- Input data
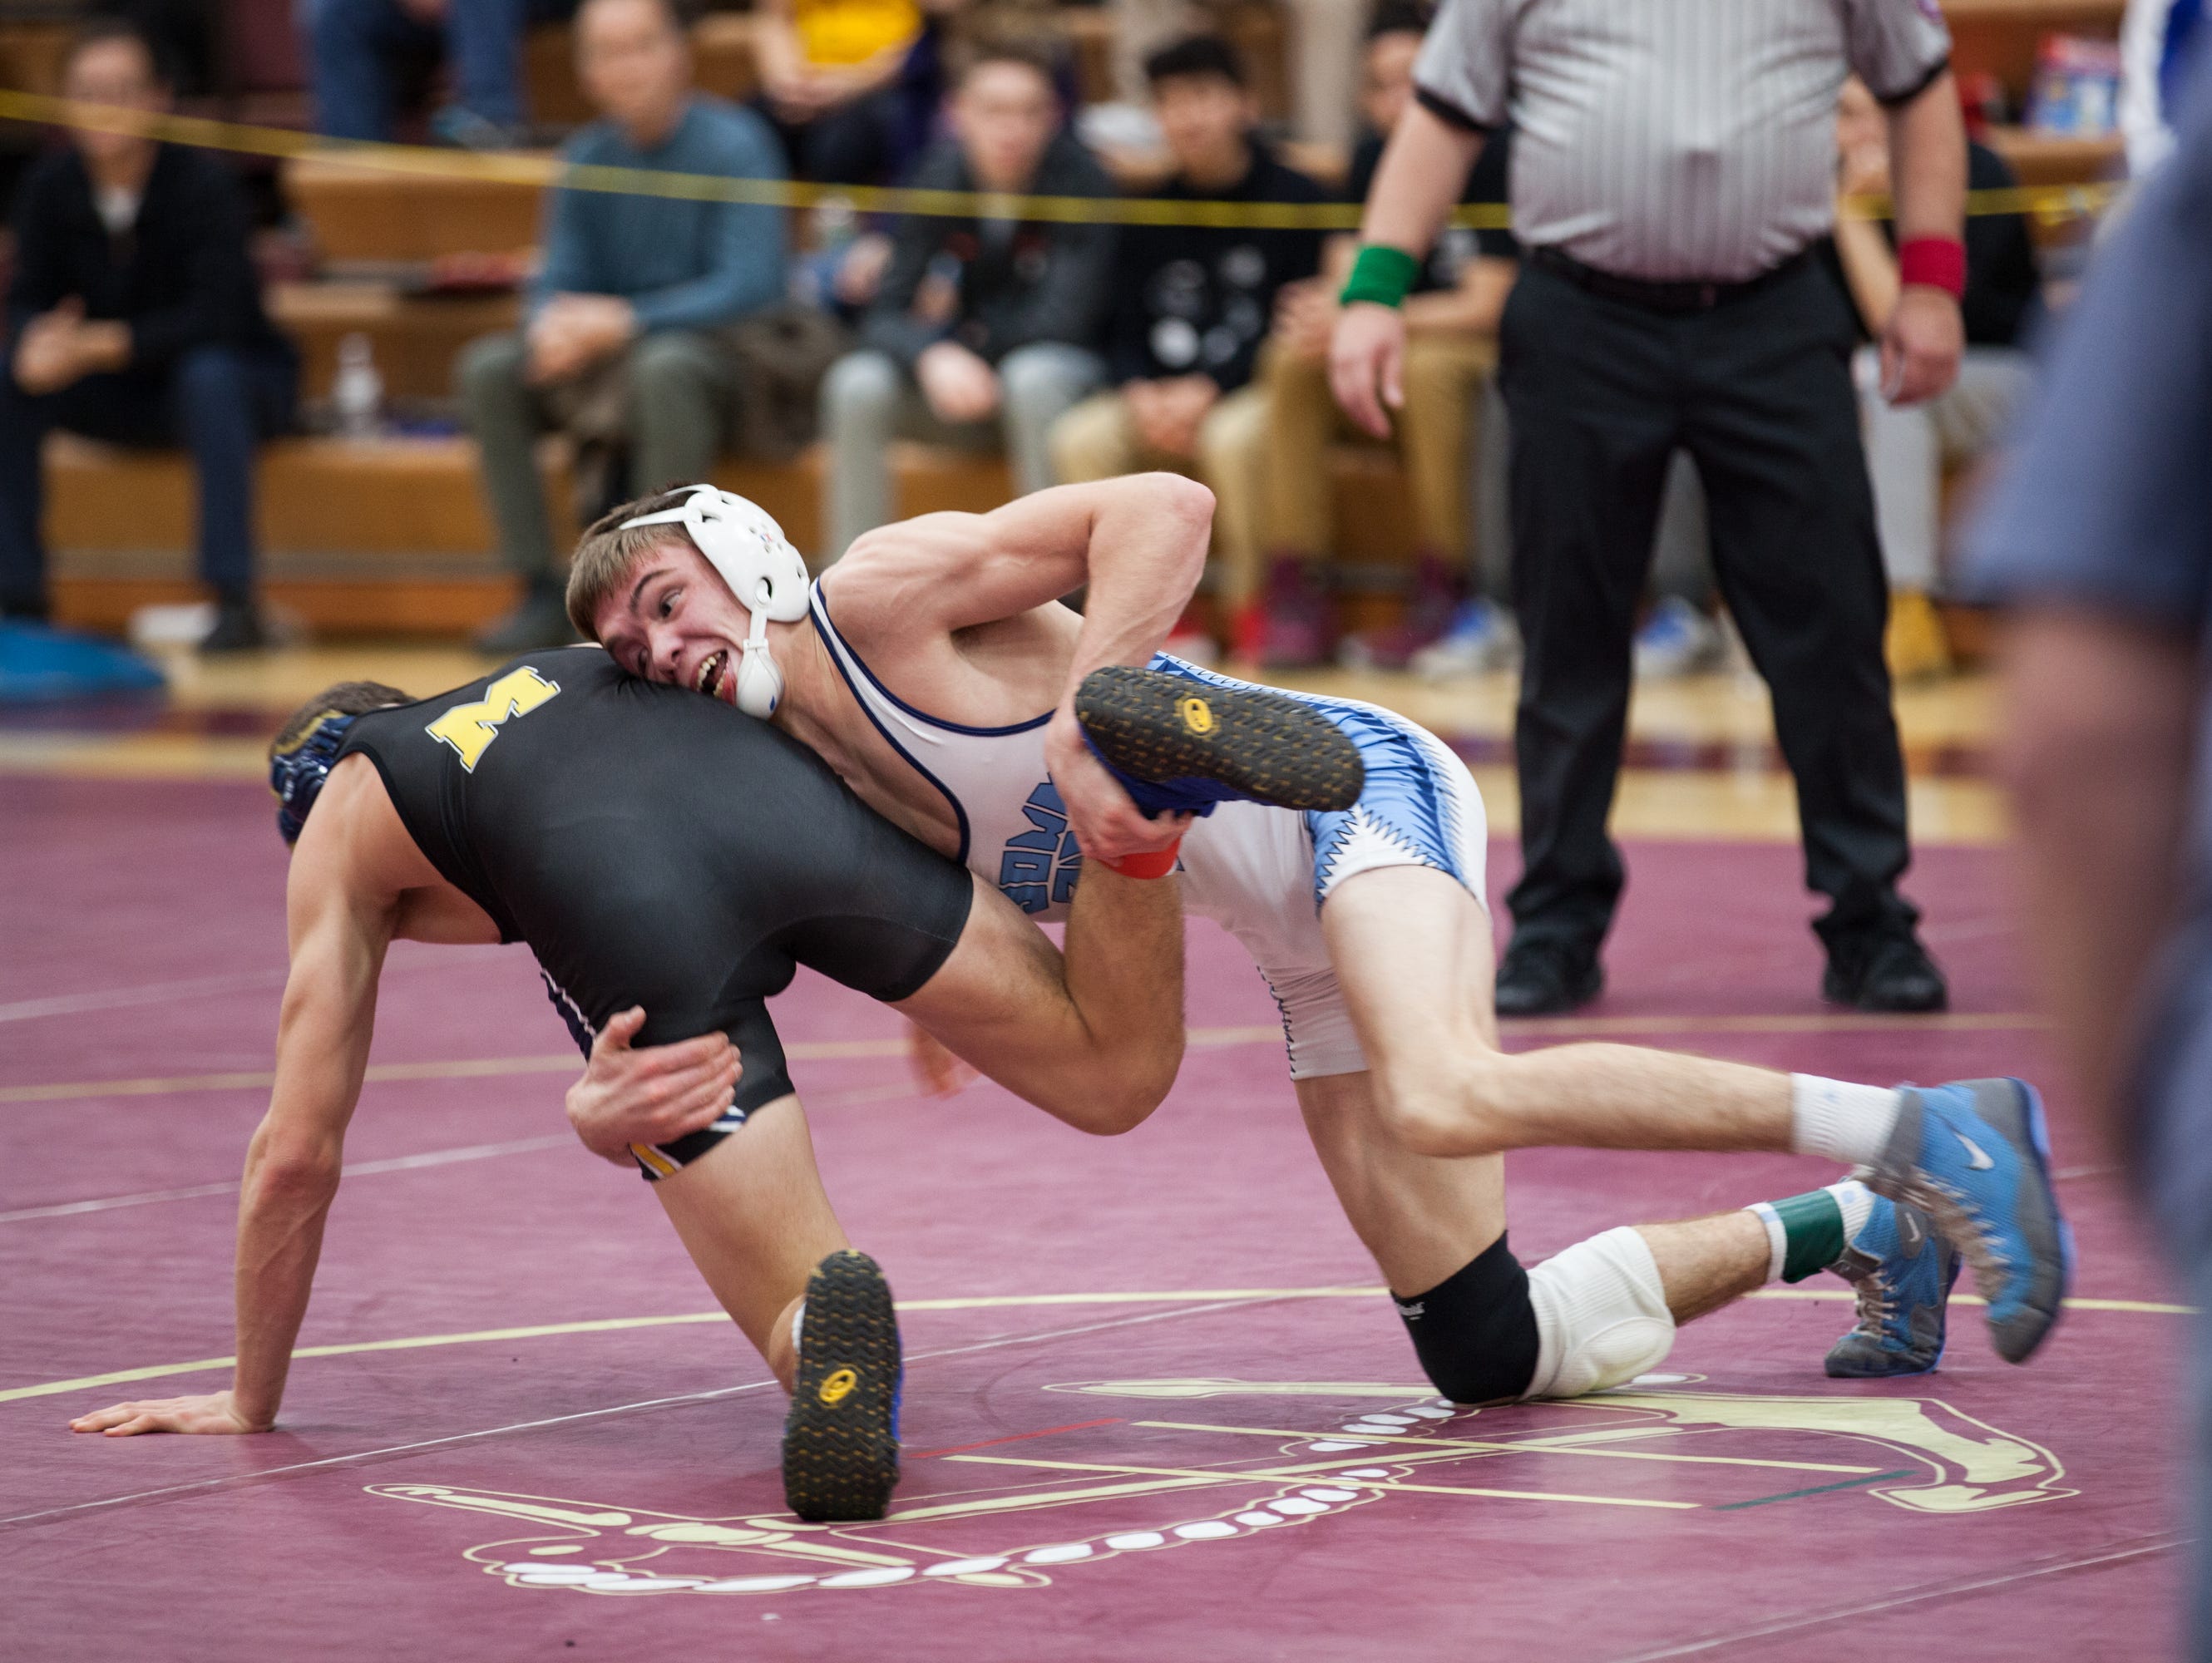 John Jay High School's Randy Earl, right, and Mattituck's Jack Bokina tangle in the 126-pound final at the Mid-Hudson Wrestling tournament at Arlington on Dec. 28.
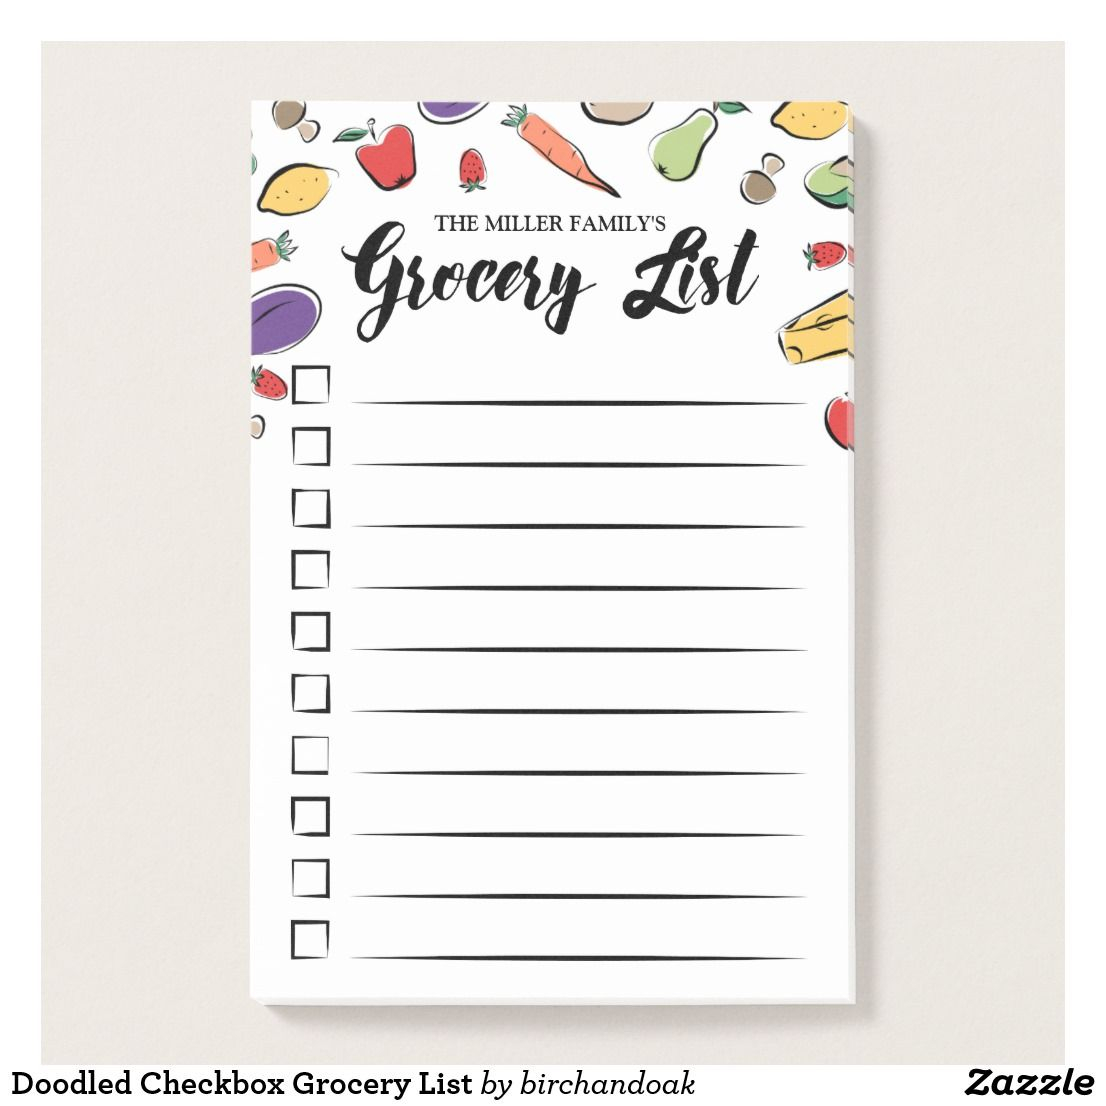 Doodled Checkbox Grocery List Post it Notes Zazzle ca 
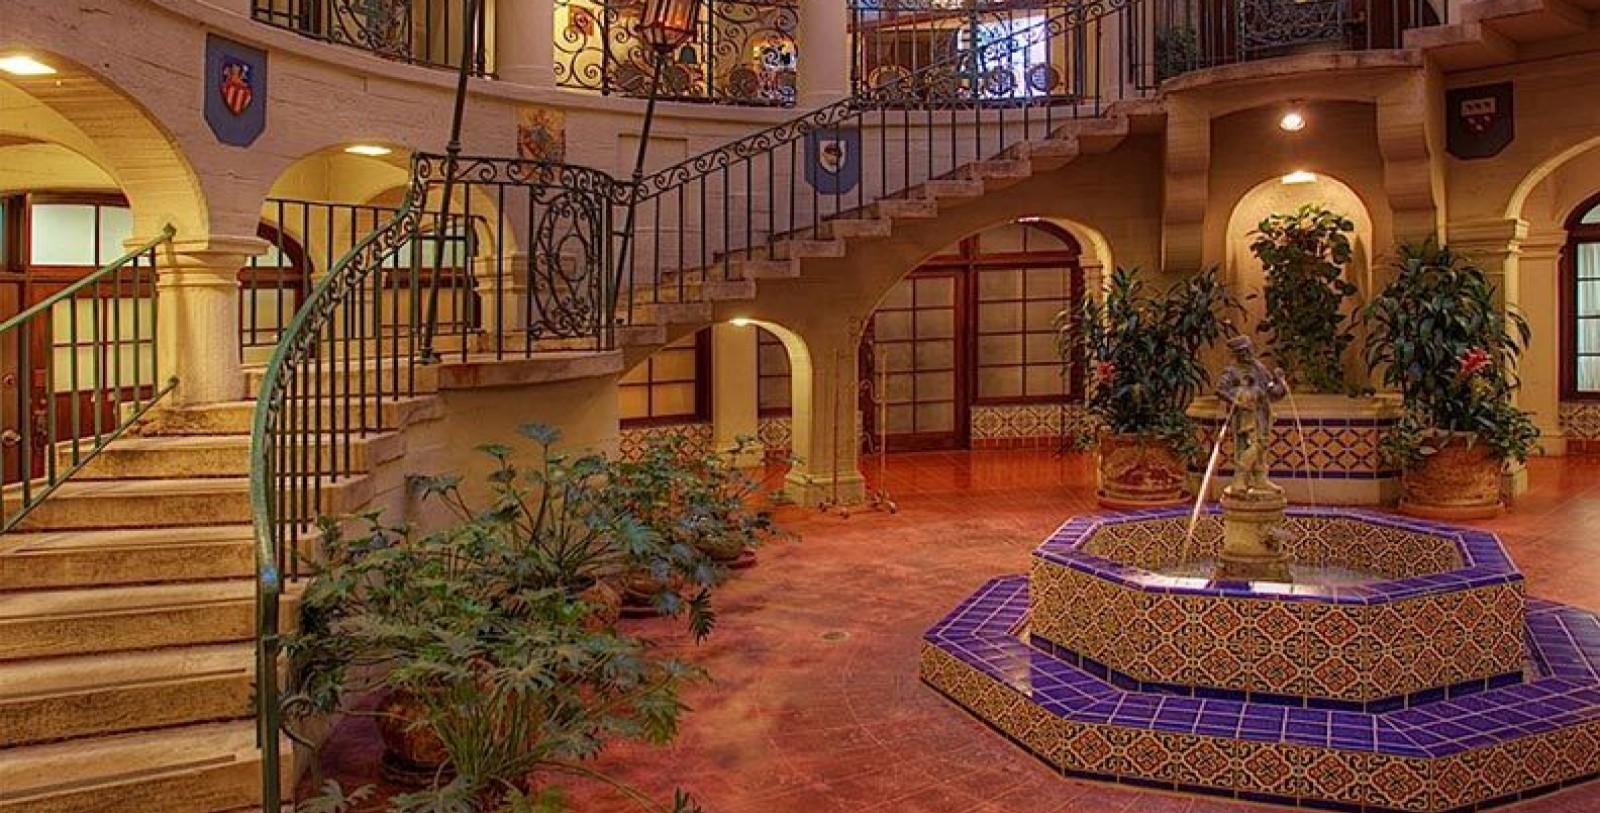 Explore The Mission Inn Museum with a docent-led tour.

- What is being asked
Retype the data above exactly, dropping every picture.

- Your response
 John Jay High School's Randy Earl, right, and Mattituck's Jack Bokina tangle in the 126-pound final at the Mid-Hudson Wrestling tournament at Arlington on Dec. 28.
 Doodled Checkbox Grocery List Post it Notes Zazzle ca 
 Explore The Mission Inn Museum with a docent-led tour.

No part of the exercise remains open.